Docs: https://docs.mongodb.com/manual/reference/operator/aggregation/reduce/

Upvotes: 24

BatScream
BatScream

Reputation: 19700

You need perform an aggregation operation with two unwind stages and a single group stage. The basic rule being you unwind as many times as the level of nest depth.

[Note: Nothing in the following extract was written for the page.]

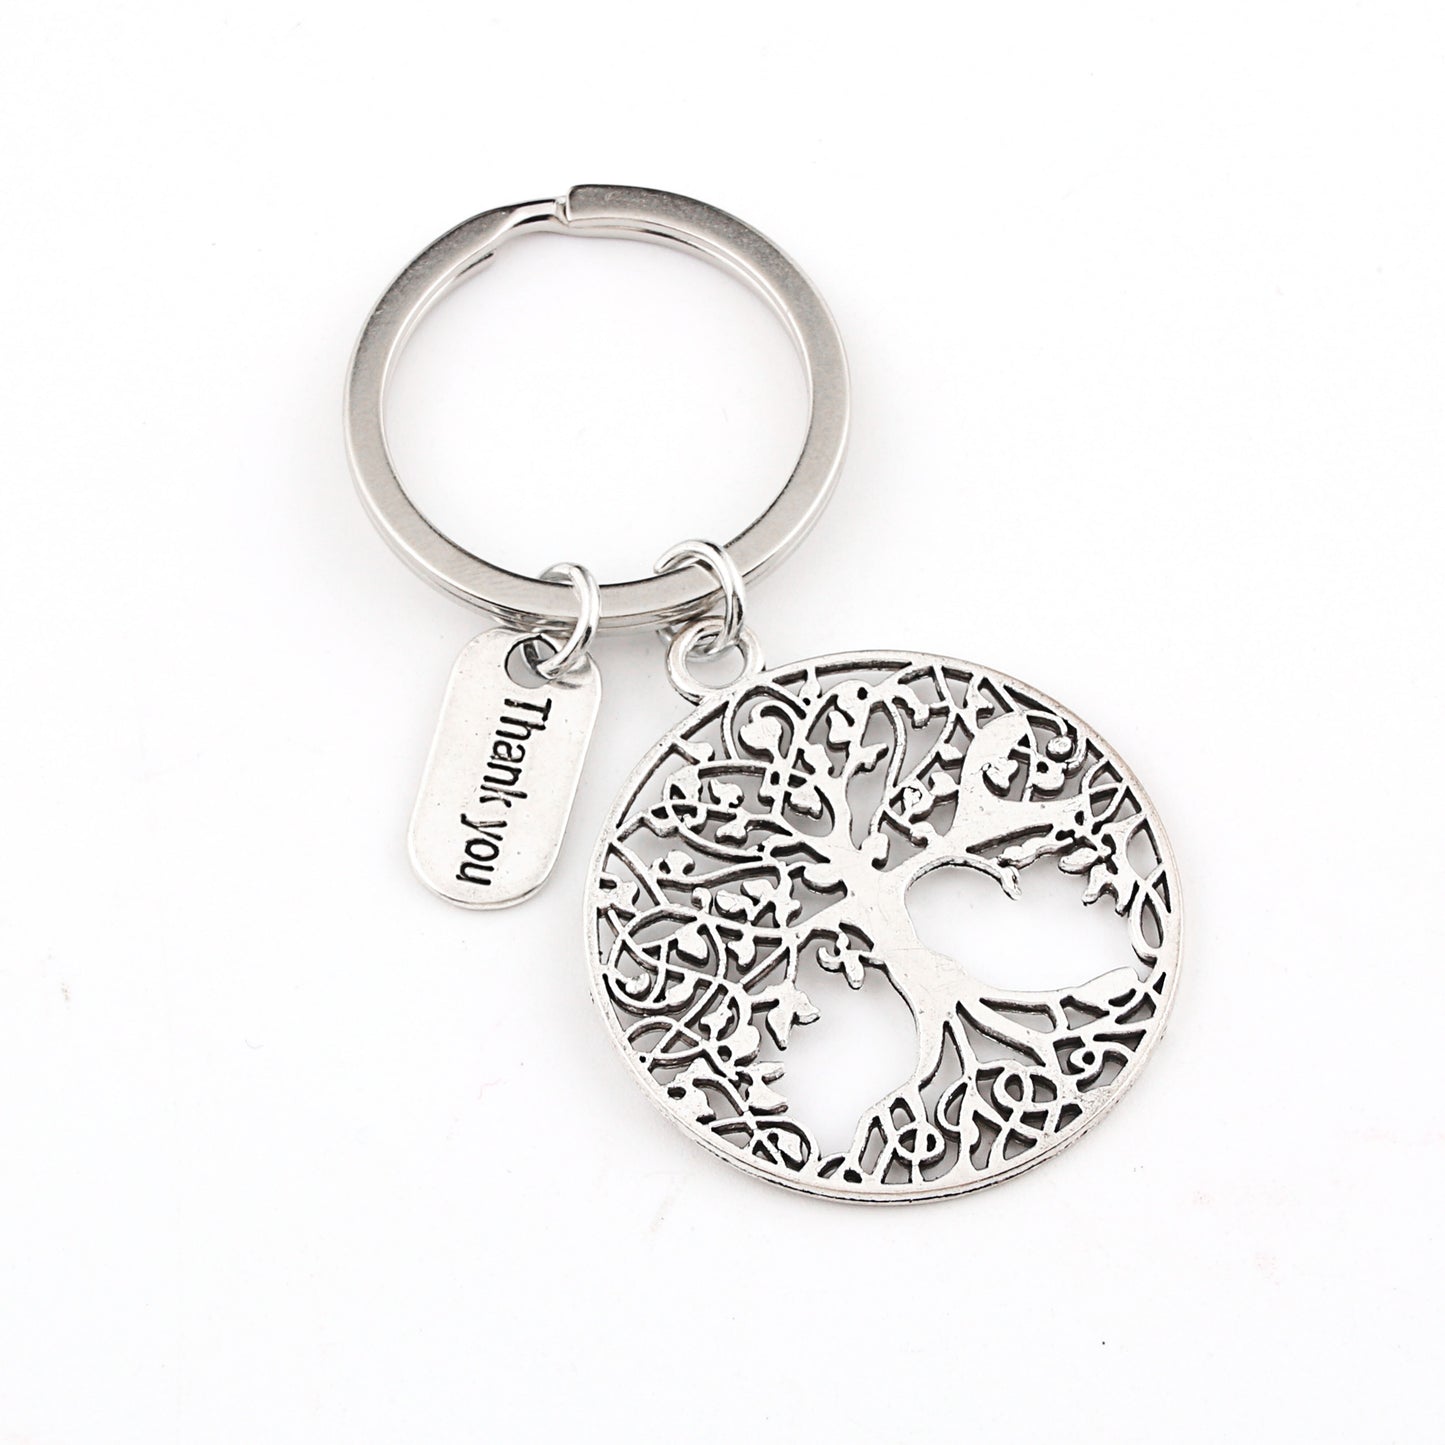 1Pc Tree KeyChain Thanksgiving Day Gift Keyring Handmade Party Souvenir Jewelry E2400

Here the level of nesting is 2, so we unwind two times.

 collection.aggregate([
 {$unwind => "$Countries"},
 {$unwind => "$Countries"},
 {$group => {"_id":"$_id","Countries":{$push => "$Countries"}}}
 ])

The first $unwind stage produces the result:

{
        "_id" : ObjectId("54a32e0fc2eaf05fc77a5ea4"),
        "Countries" : [
                "Spain",
                "France"
        ]
}
{
        "_id" : ObjectId("54a32e4ec2eaf05fc77a5ea5"),
        "Countries" : [
                "Spain"
        ]
}
{
        "_id" : ObjectId("54a32e4ec2eaf05fc77a5ea5"),
        "Countries" : [
                "Russia",
                "Egypt"
        ]
}

The second $unwind stage further flattens the Countries array:

{ "_id" : ObjectId("54a32e0fc2eaf05fc77a5ea4"), "Countries" : "Spain" }
{ "_id" : ObjectId("54a32e0fc2eaf05fc77a5ea4"), "Countries" : "France" }
{ "_id" : ObjectId("54a32e4ec2eaf05fc77a5ea5"), "Countries" : "Spain" }
{ "_id" : ObjectId("54a32e4ec2eaf05fc77a5ea5"), "Countries" : "Russia" }
{ "_id" : ObjectId("54a32e4ec2eaf05fc77a5ea5"), "Countries" : "Egypt" }

Now the final $group stage groups the records based on the _id,and accumulates the country names in a single array.

{
        "_id" : ObjectId("54a32e4ec2eaf05fc77a5ea5"),
        "Countries" : [
                "Spain",
                "Russia",
                "Egypt"
        ]
}
{
        "_id" : ObjectId("54a32e0fc2eaf05fc77a5ea4"),
        "Countries" : [
                "Spain",
                "France"
        ]
}

If you wish to keep other fields in the document then you need to explicitly specify the names of the fields other than the country field,(field1,field2,etc..), using the $first operator. You can write/overwrite a collection by specifying the name of the collection in the $out stage.

collection.aggregate([
 {$unwind => "$Countries"},
 {$unwind => "$Countries"},
 {$group => {"_id":"$_id","Countries":{$push => "$Countries"},
             "field1":{$first => "$field1"}}},
 {$out => "collection"}
 ])

You need to explicitly specify the fields so that you don't get a redundant Countries field.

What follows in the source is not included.